I'll be 100% honest. IMHO the reason it was able to work out so well, is because most of the people there met each other previously and knew each other. I don't think I'd go to a random shabbos DO with someone I literally met online and have no clue who they are.
So if you've never been to a DO and have no clue who anyone else is, don't expect to be invited to a shabbos DO. How should I know that I can trust your karshrus? DDF has the benefits of having people from all spectrums and everyone has their own opinion regarding kashrus.

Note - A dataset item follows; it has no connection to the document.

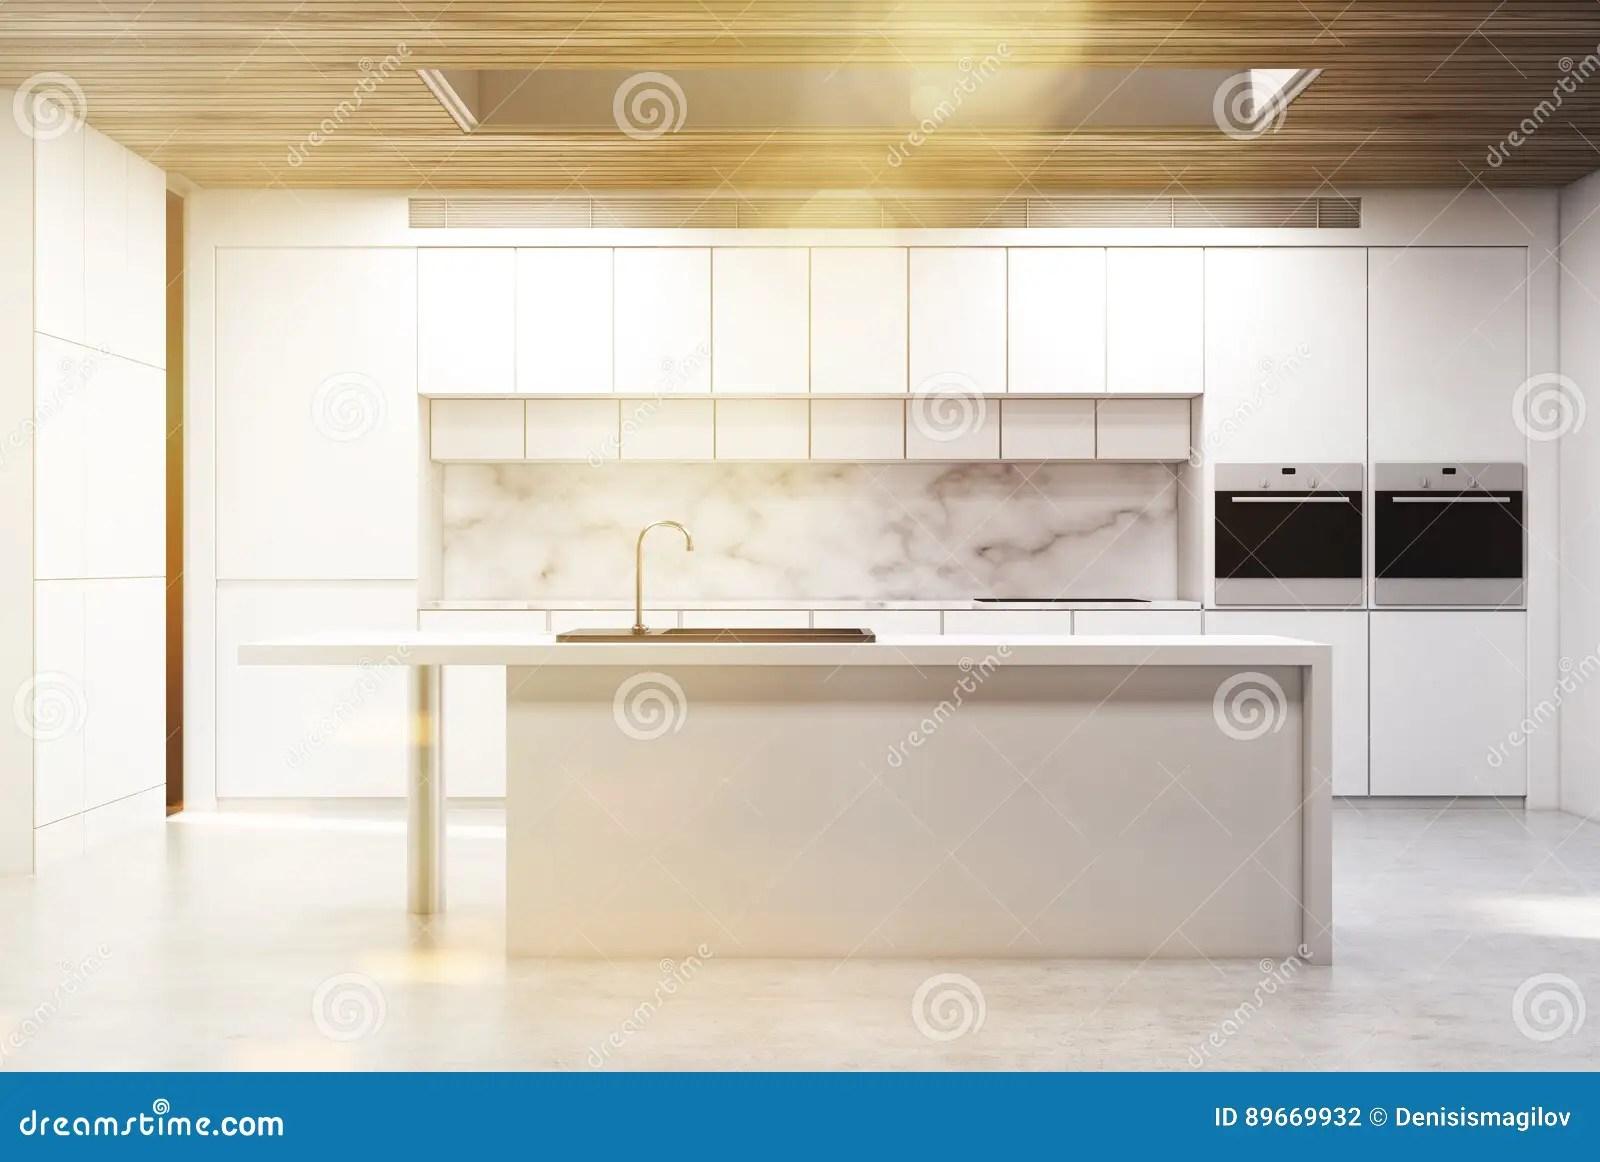 kitchen island counter remove grease buildup from cabinets 厨房小岛 大理石 被定调子库存例证 插画包括有例证 国内 方便 复制 一个厨房小岛的正面图在有白色柜台和两个火炉的一个厨房里3d翻译 被定调子的图象
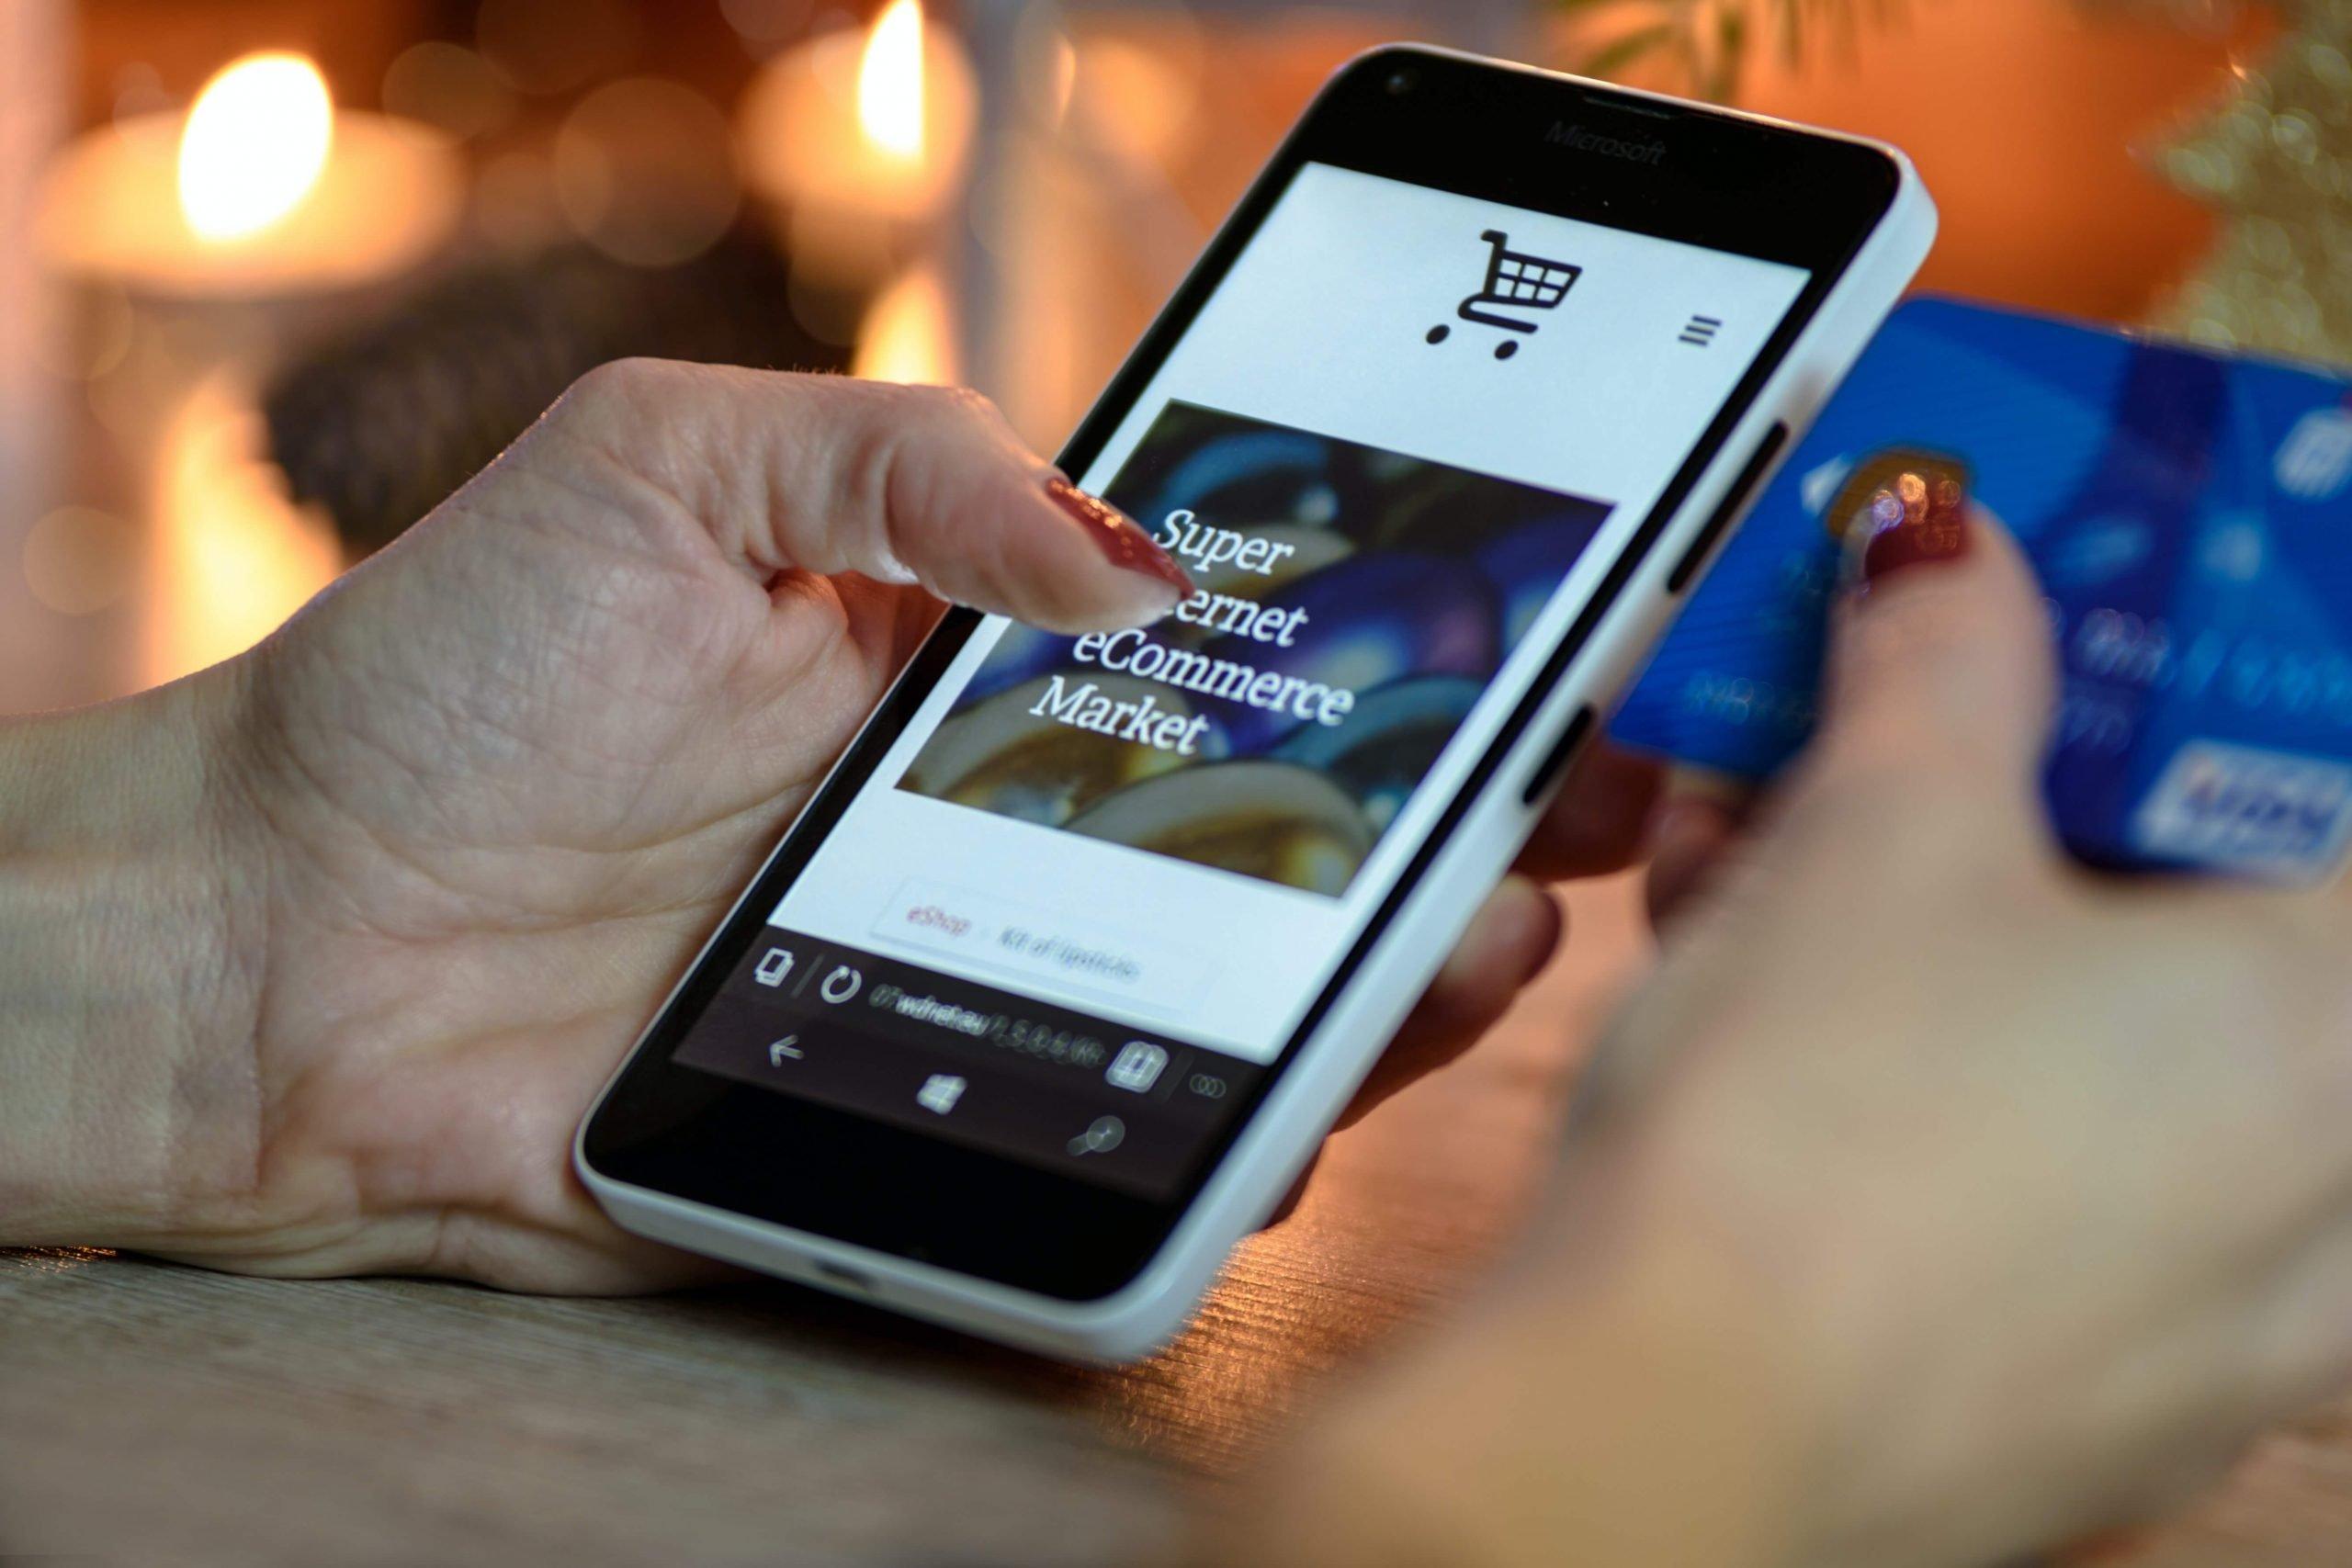 618購物節 疫情時代電商該如何行銷

I think this should be obvious, and not just because of the food. A shabbos isn't a DO. Most people would be game to go to a restaurant to meet new people without putting too much thought into it. If you like it, you stay; if not, you walk out politely, with nobody thinking twice. A shabbos is a much bigger commitment, and requires a higher comfort level. I would think most people would rather not spend shabbos with a bunch of strangers. Additionally, if you're spending shabbos with your friends, you'd rather not have a bunch of strangers getting in the way. Of course, if one of your friends knows somebody and says he would be compatible, he'd be welcomed, but the core group would be a bunch of friends, i would think. Forget about the food and the kashrus; do you want to have a joint meal with a bunch of people you don't know from a hole in the wall? A DO is a great non committal way to meet strangers; a shabbos not run by a central program, maybe not so much. The problem is that everyone wants to be that fly on the wall that gets in on the sooper seekrets. A low level shabbos may not generate so much interest, but when people hear about a bunch of "names" that were involved, they get upset that they didn't have a chance to join. My opinion? Get together a couple of your personal friends from DDF (anybody expecting to go to a ddf shabbaton must have a couple of those), and once you have a core group, invite people that you think would be interested and compatible based on what you know about them. It'll get a lot further than being a silent guy on a friendly WhatsApp group, that is the first to pipe up when someone suggests a get together. Just my $.02. (I have yet to hit up a DO, so I'm not really one to talk, but this same scenario and dynamics manifests itself in so many places.)